TASK TO COMPLETE: Once you find the line with "BedDog® 2 en", transcribe it and all the lines that follow to the end of the data, exactly as written; skip any pictures.

DATA:
......

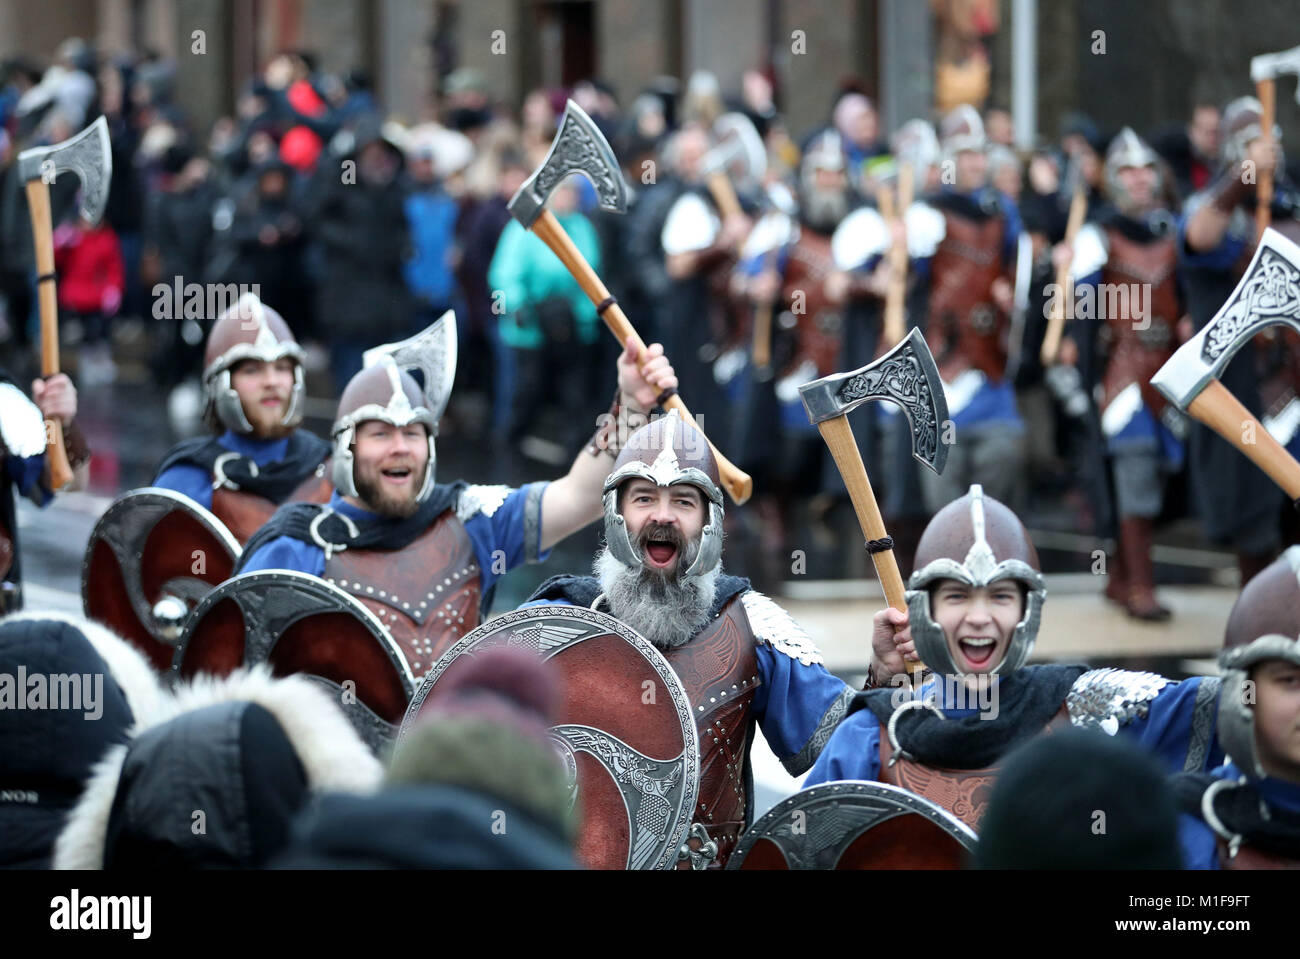 Les membres de l'équipe de Jarl vêtus de costumes Viking marche dans les rues de Lerwick sur les îles Shetland pendant le Festival Up Helly Aa Viking. Banque D'Images
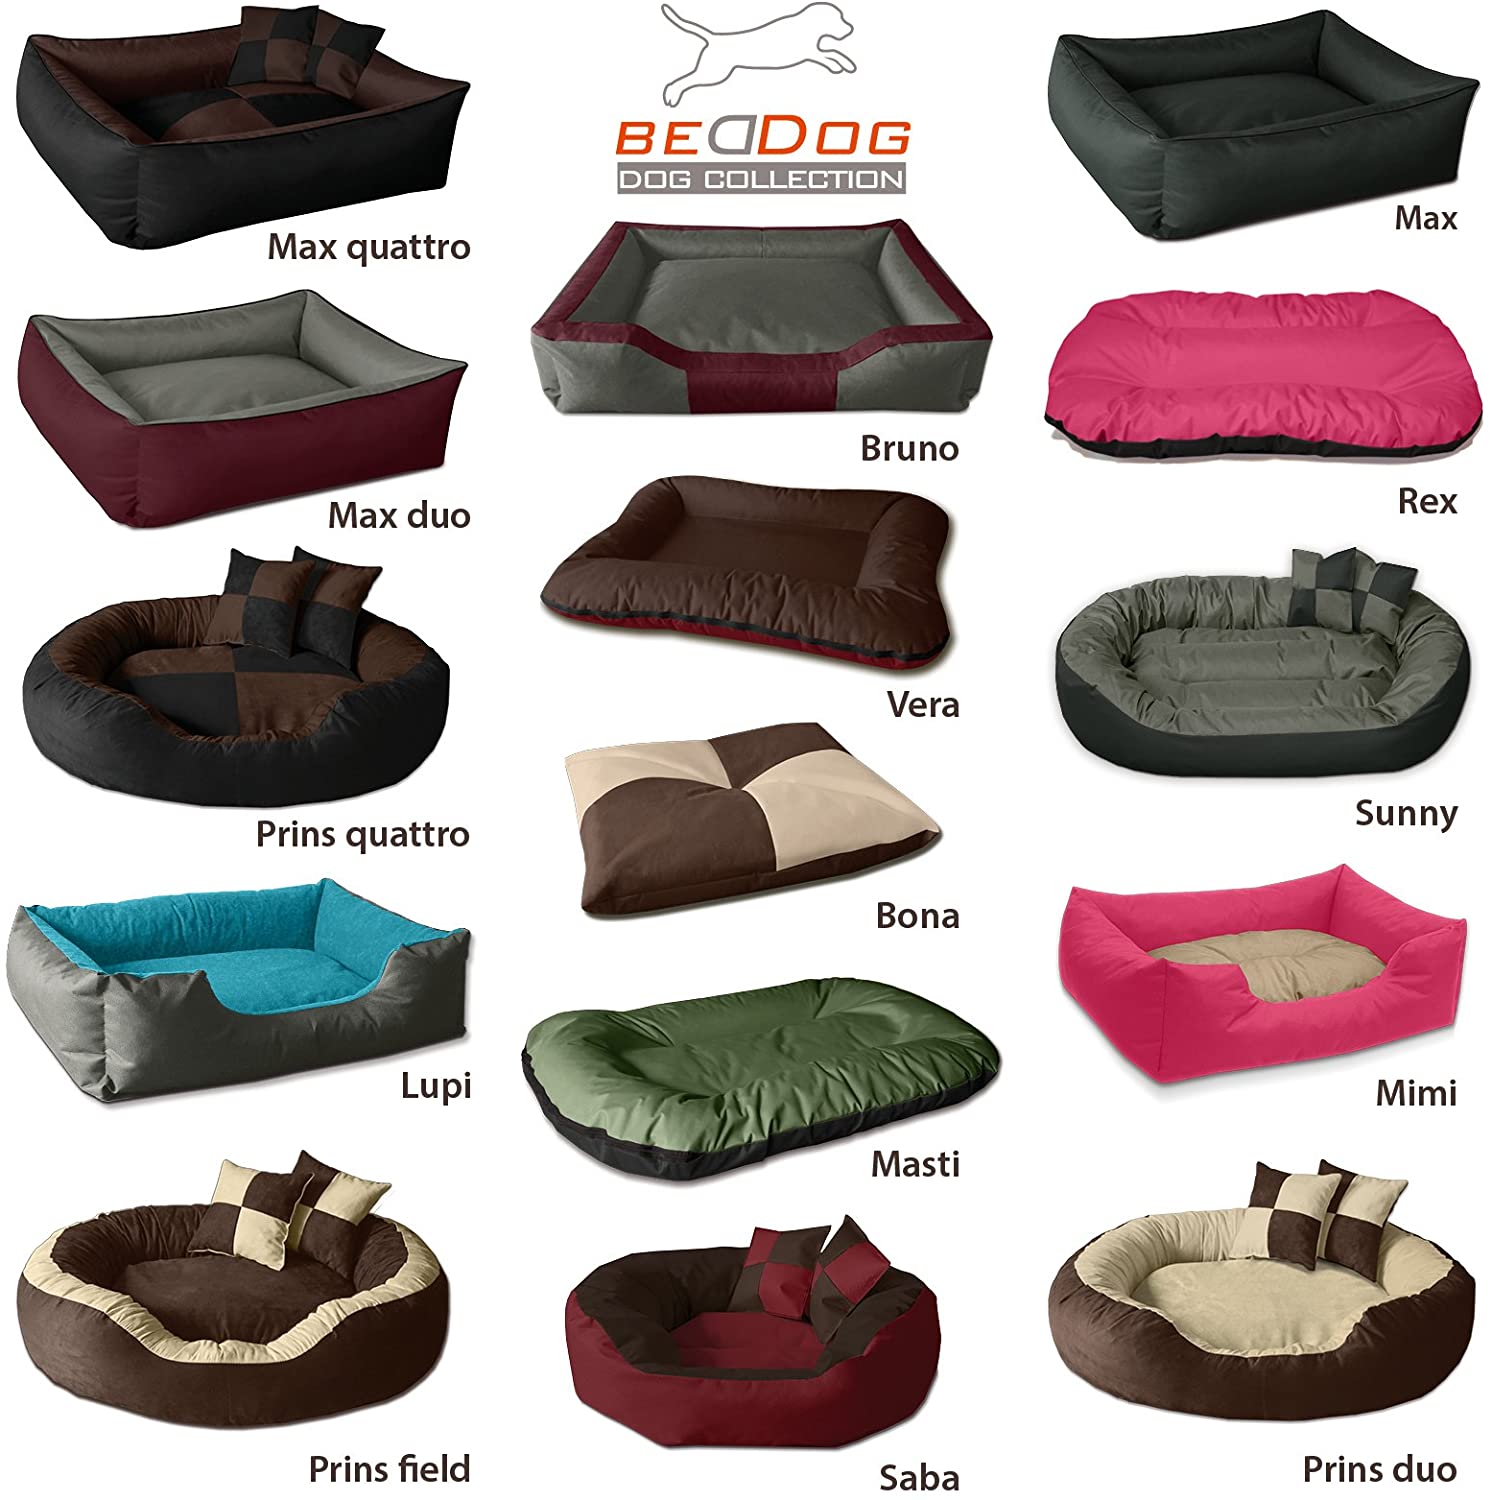  BedDog® 2 en 1 Vera Cereza/Gris XXL Aprox. 120x90cm colchón para Perro, 7 Colores, Cama, sofá, Cesta para Perro 
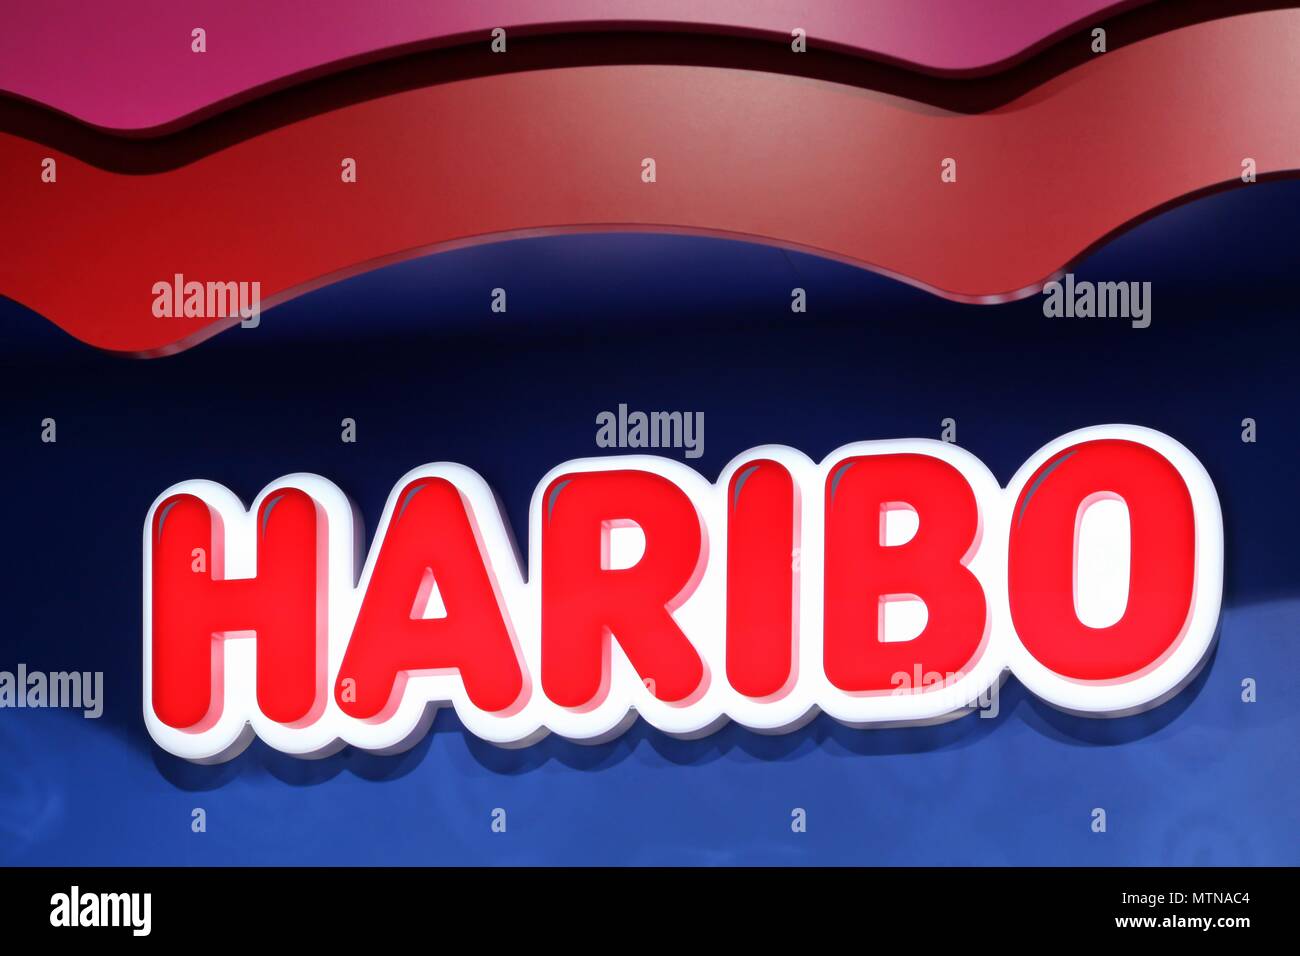 Villefontaine, France - 24 mai 2018 : Haribo logo sur un mur. Haribo est une entreprise de confiserie allemande, fondée en 1920 Banque D'Images

......

WRITTEN RESPONSE:
  BedDog® 2 en 1 Vera Cereza/Gris XXL Aprox. 120x90cm colchón para Perro, 7 Colores, Cama, sofá, Cesta para Perro 
 Villefontaine, France - 24 mai 2018 : Haribo logo sur un mur. Haribo est une entreprise de confiserie allemande, fondée en 1920 Banque D'Images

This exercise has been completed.